**WHAT TO WORK ON**
Leave the images out. Give every line below again, precisely.
====== DATA EXCERPT
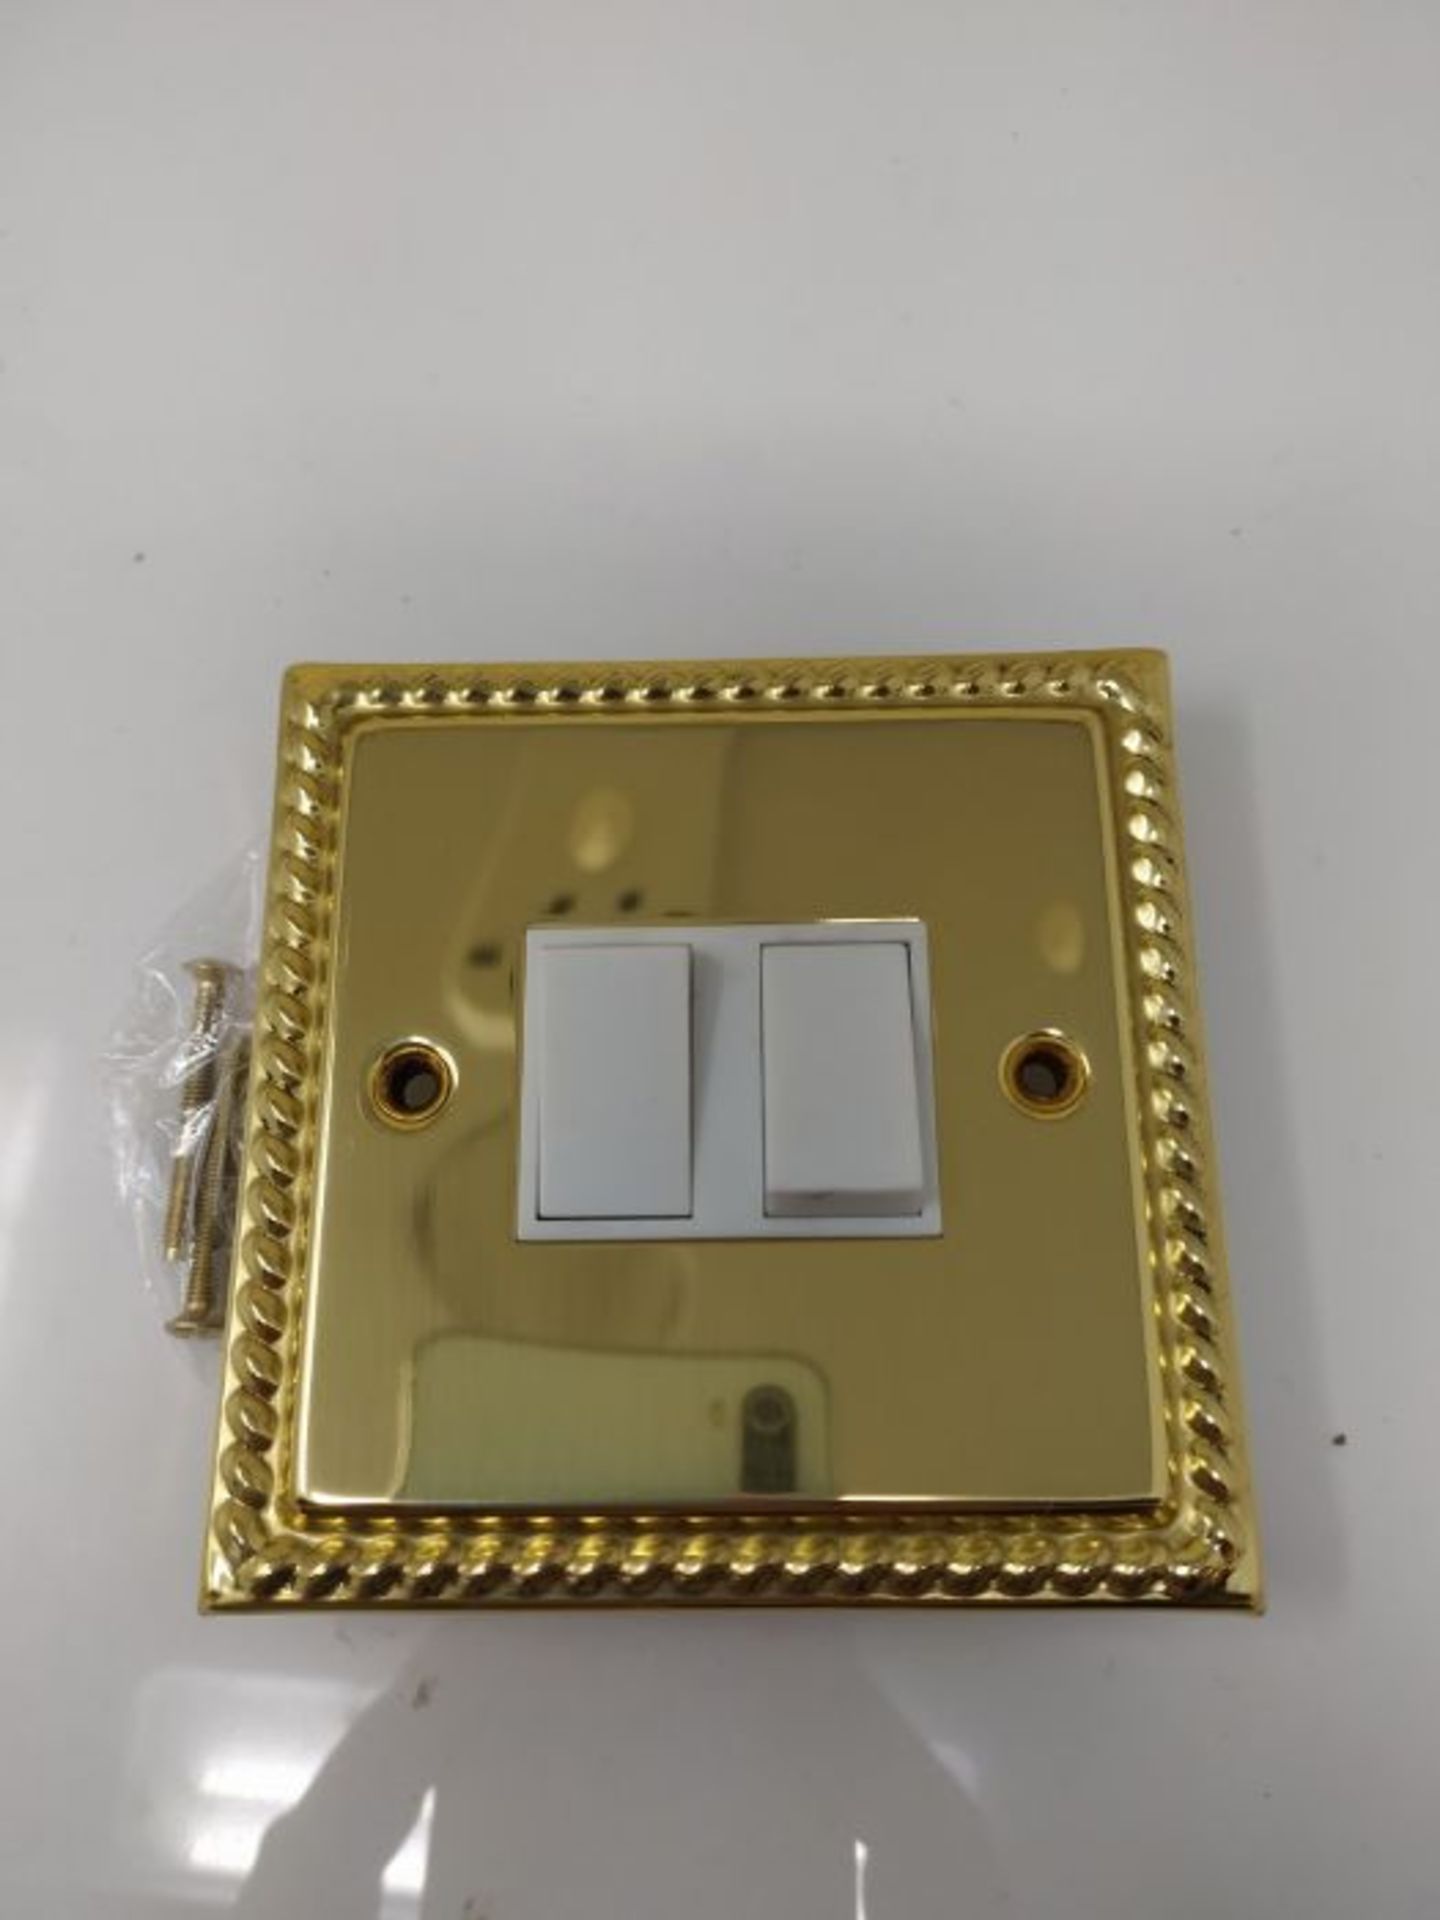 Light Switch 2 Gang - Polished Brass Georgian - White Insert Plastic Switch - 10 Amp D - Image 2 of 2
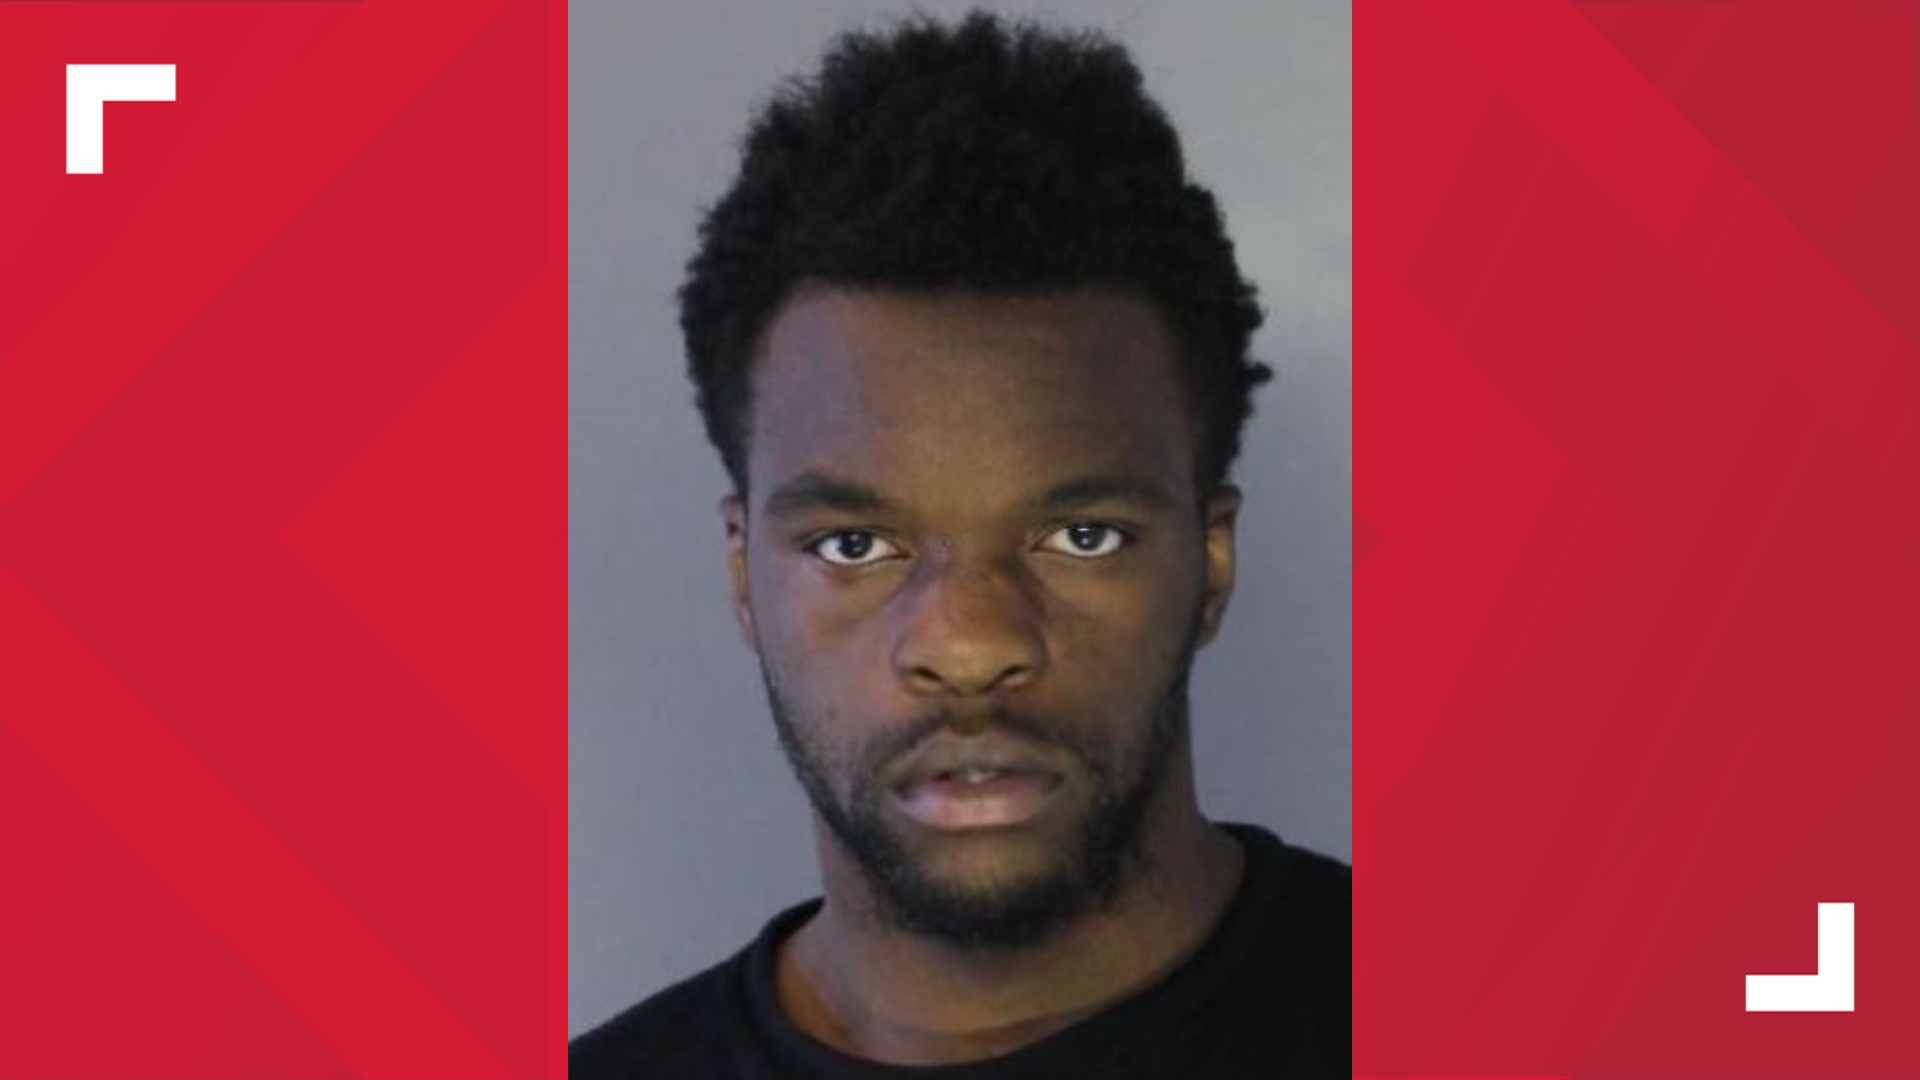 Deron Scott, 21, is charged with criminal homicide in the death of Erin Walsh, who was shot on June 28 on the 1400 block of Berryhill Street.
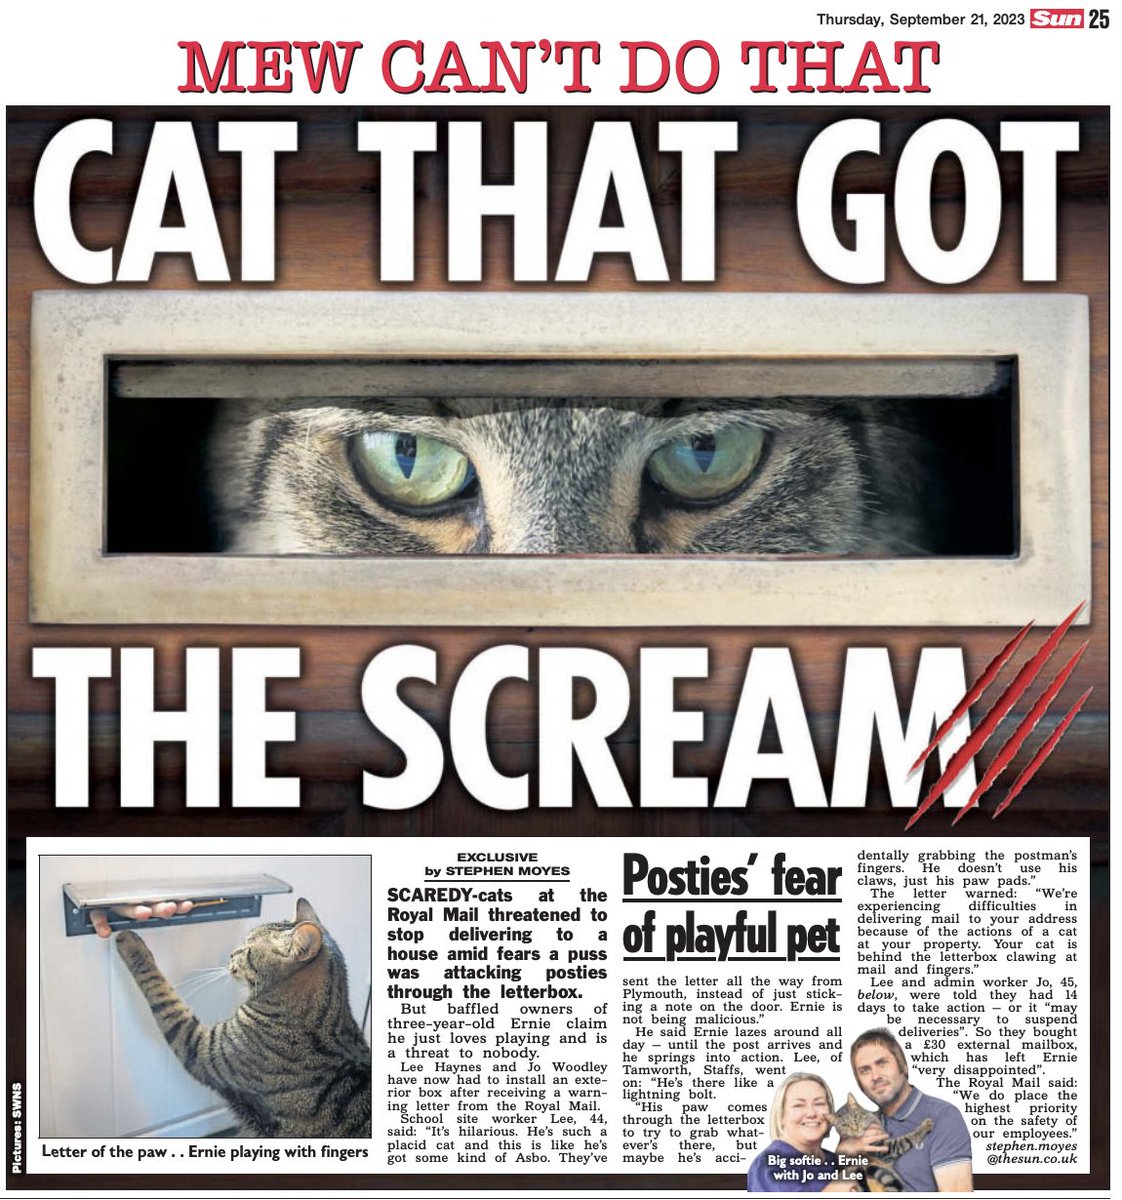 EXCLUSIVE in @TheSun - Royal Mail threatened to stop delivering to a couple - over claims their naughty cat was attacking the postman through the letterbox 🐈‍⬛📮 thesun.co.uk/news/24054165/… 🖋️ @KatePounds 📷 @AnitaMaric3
============
**RESPONSE BELOW**
 Light Switch 2 Gang - Polished Brass Georgian - White Insert Plastic Switch - 10 Amp D - Image 2 of 2
 Deron Scott, 21, is charged with criminal homicide in the death of Erin Walsh, who was shot on June 28 on the 1400 block of Berryhill Street.
 EXCLUSIVE in @TheSun - Royal Mail threatened to stop delivering to a couple - over claims their naughty cat was attacking the postman through the letterbox 🐈‍⬛📮 thesun.co.uk/news/24054165/… 🖋️ @KatePounds 📷 @AnitaMaric3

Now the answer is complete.